Shenandoah Telecommunications Company, known as Shentel, announced Monday that it is “implementing a workforce reduction” as the company’s pending sale of its wireless assets and certain liabilities to T-Mobile looms.
The organizational restructuring plan is expected to impact approximately 340 employees, or 30%, of the company’s workforce, across the Edinburg-based company’s six-state Mid-Atlantic service area, according to a news release.
Shentel Vice President and Chief Human Resources Officer Heather Banks was able to provide approximate counts of employees in local areas who were notified that their current position would be impacted, which includes 29 Shenandoah County residents, 22 in Frederick County and Winchester combined and two in Warren County.
“We anticipate these numbers will end up being lower as individuals are able to transfer into other roles we are actively seeking to fill within Shentel’s other businesses or because they are able to join T-Mobile,” Banks said.
Shentel will have approximately 860 employees following the restructuring to support its Broadband and Tower segments.
Shentel has said that about 90% of the reductions are employees who support wireless operations and who will not automatically transfer to T-Mobile as part of the transaction.
Most of the employees impacted by the workforce reduction will leave the company in 2021, following the closing of the pending Shentel Wireless sale and any required transition services, Shentel said.
“We announced to our employees (Monday) the necessary plans to begin to reduce the size of our workforce for the anticipated divestiture of our wireless assets and operations,” Shentel President and CEO Christopher E. French, states in the release. “Although this change was anticipated, its impact will cause disruption and uncertainty for the affected employees and their families. We are coordinating with T-Mobile to assist in transitioning as many of the affected employees as possible to T-Mobile following closing of the transaction.”
French went on to say that Shentel is “proactively providing career transition services” to those impacted, whether they are hired by T-Mobile or not. Shentel will also provide severance pay and benefits, inclusive of the new American Rescue Plan Act COBRA subsidy requirements to impacted employees not hired by T-Mobile.
Further, Shentel plans to provide a one-time 401(k) contribution as well as a one-time “cash bonus” to all eligible impacted employees.
The closing of the Shentel Wireless sale is expected to occur in early third quarter 2021 subject to execution of the definitive asset purchase agreement, customary closing conditions and required regulatory approvals.
Additionally, Shentel will incur termination expenses that will be settled in cash, with approximately $1.7 million related to continuing operations and approximately $4.5 million related to discontinued operations, the company said.

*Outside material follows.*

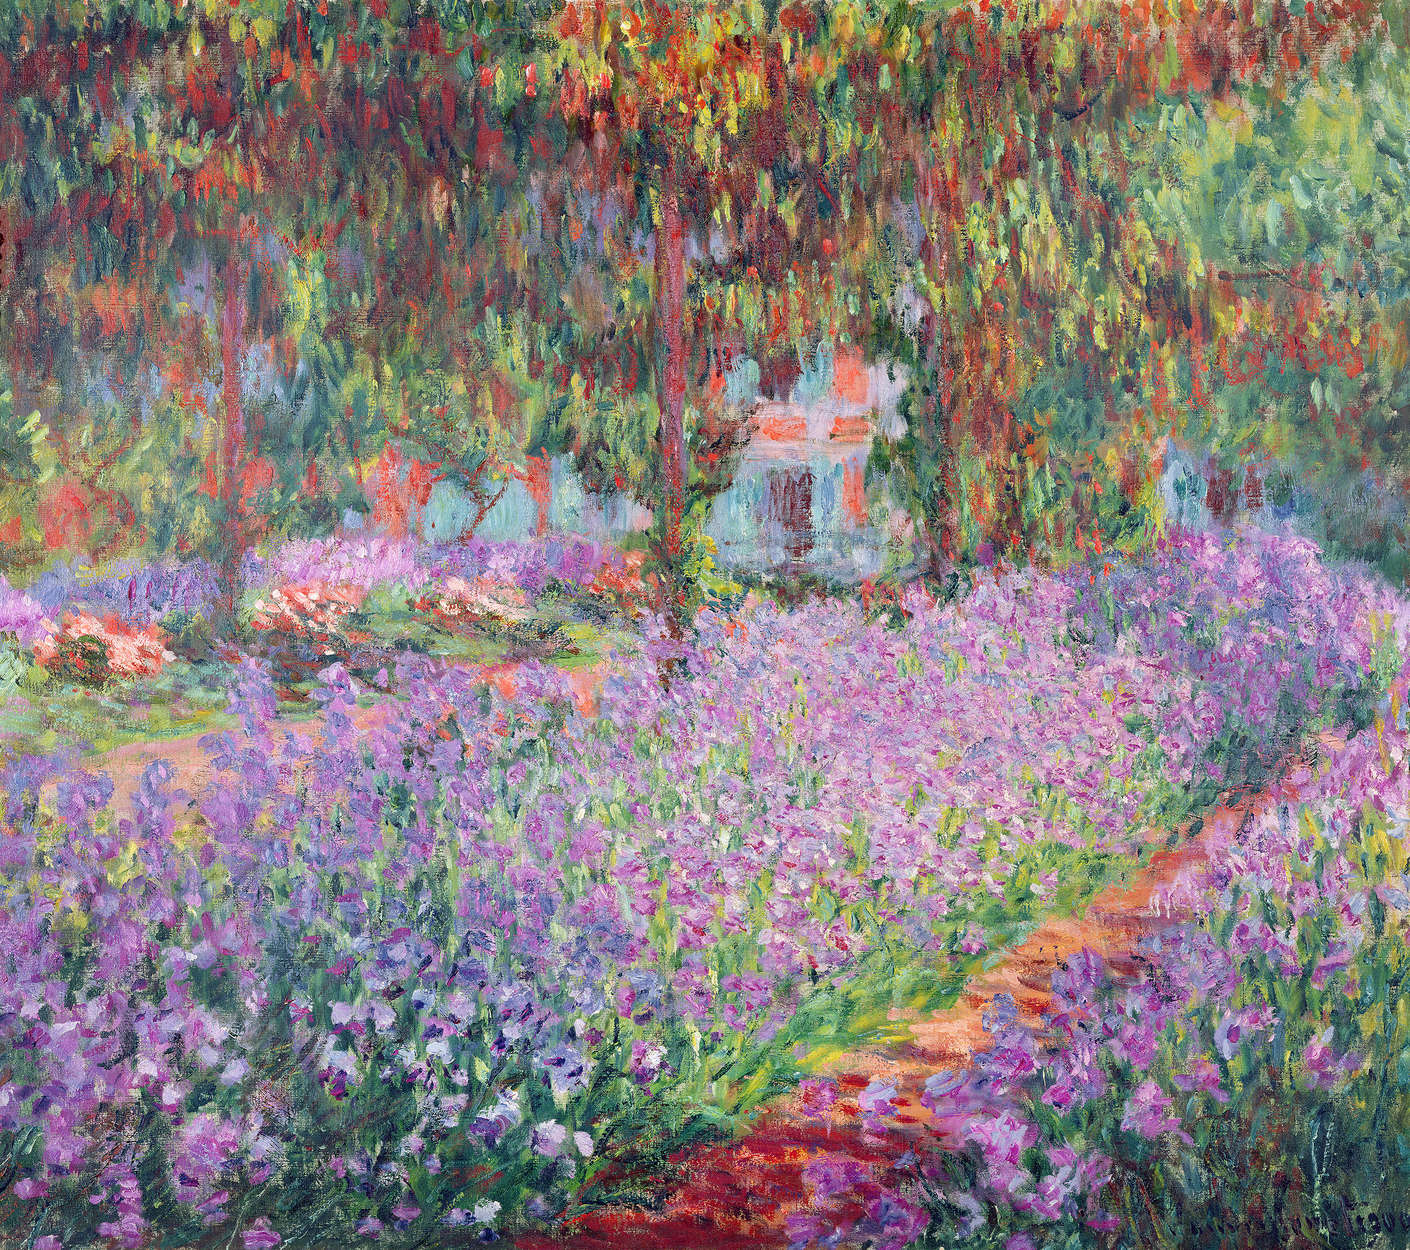             Papier peint panoramique "Le jardin de l'artiste à Giverny" de Claude Monet

Shentel said it expects to incur a majority of these costs during the third quarter of 2021. The workforce reduction is expected to decrease the Company’s annualized run-rate operating expenses for continuing operations by approximately $4 million.
Shentel and T-Mobile came to an agreement on the sale price of the wireless assets earlier this year, agreeing on a price of $1.95 billion.
The purchase price was based on a calculation of 90% of “entire business value” and is inclusive of the unrealized Sprint-waived management fee. Shentel and T-Mobile had previously agreed that the determination of “entire business value” through the just-completed appraisal process is final and binding.
The actual valued price of Shentel’s wireless assets was $2.10 billion.
Shentel previously said it expected that the after-tax proceeds from the sale of Shentel Wireless will be approximately $1.5 billion. The transaction will be accounted for as an asset sale for income tax purposes.
Shentel also previously said it expects to use the proceeds — plus $195 million of on-hand cash — to repay approximately $702 million of outstanding term loans and swap liabilities and terminate the respective agreements; issue a special dividend of $18.75 per share to Shentel’s shareholders, which would total around $940 million; provide adequate liquidity for growth and potential strategic acquisitions; and provide liquidity for general corporate purposes, among other things.
“Our strategy moving forward has been focused on growth of our broadband business in our cable markets and with the launch of our Glo Fiber and Beam Fixed Wireless services,” Banks said.
Banks said that focus on broadband has been evident in recent investor presentations as well as recent earnings reports.